## [WHAT YOU SHOULD DO]
The listing below holds pictures; exclude them. Return exactly the lines from the one with "Full Program for" through the one with "Tavi Noir Chloe".

## [MATERIAL TO PROCESS]
━━━

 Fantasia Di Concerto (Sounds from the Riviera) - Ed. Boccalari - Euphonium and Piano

━━━

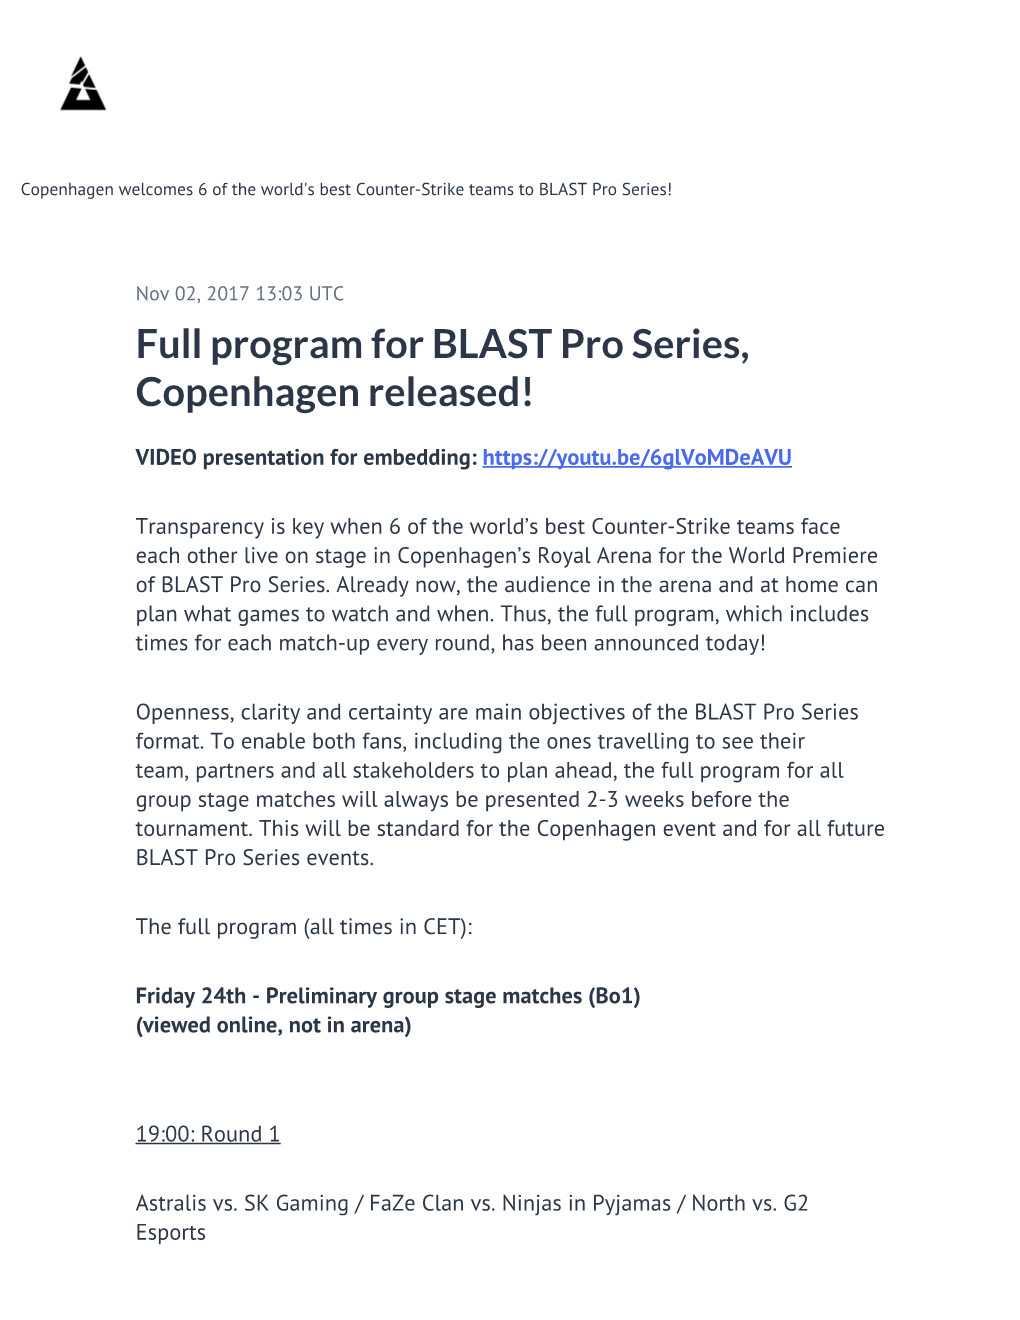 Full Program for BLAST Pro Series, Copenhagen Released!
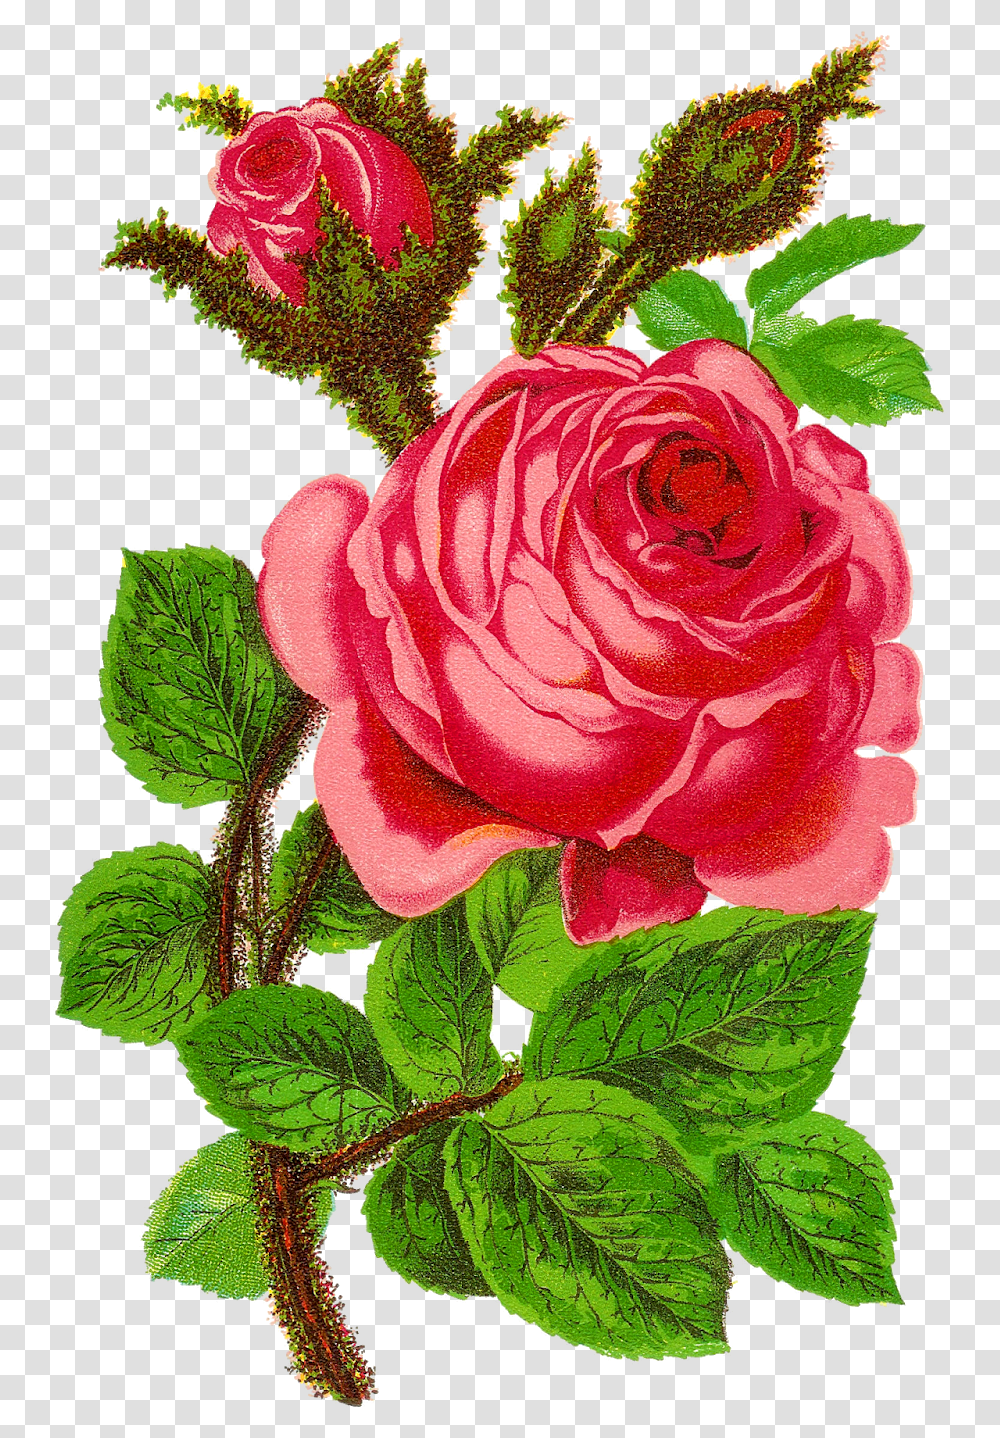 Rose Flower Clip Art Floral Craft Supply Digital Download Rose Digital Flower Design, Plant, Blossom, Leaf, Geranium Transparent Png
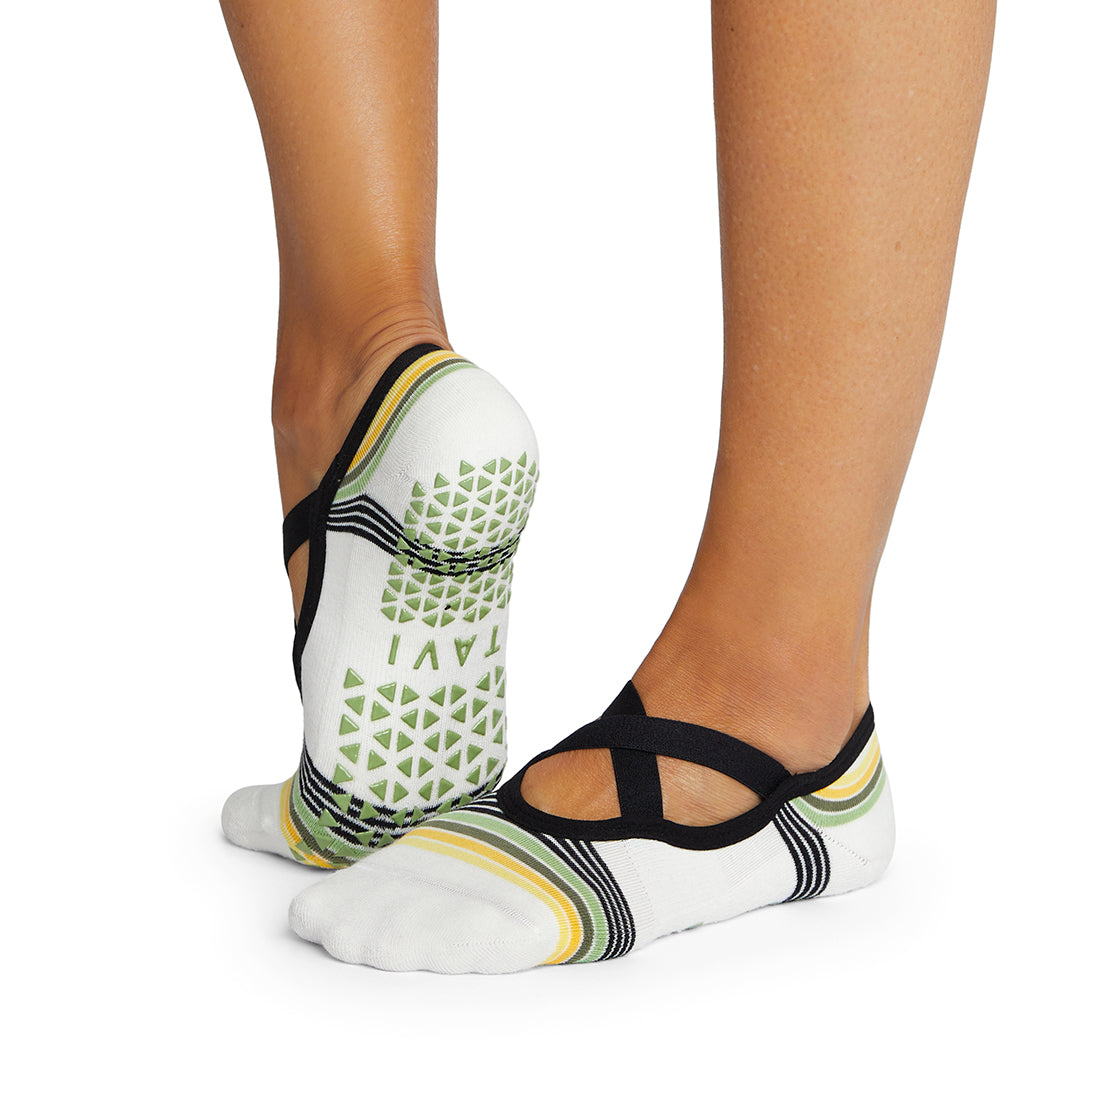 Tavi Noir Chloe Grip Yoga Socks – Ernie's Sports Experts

━━━

## [OUTPUT FOR THIS EXERCISE]
 Full Program for BLAST Pro Series, Copenhagen Released!
 Rose Flower Clip Art Floral Craft Supply Digital Download Rose Digital Flower Design, Plant, Blossom, Leaf, Geranium Transparent Png
 Tavi Noir Chloe Grip Yoga Socks – Ernie's Sports Experts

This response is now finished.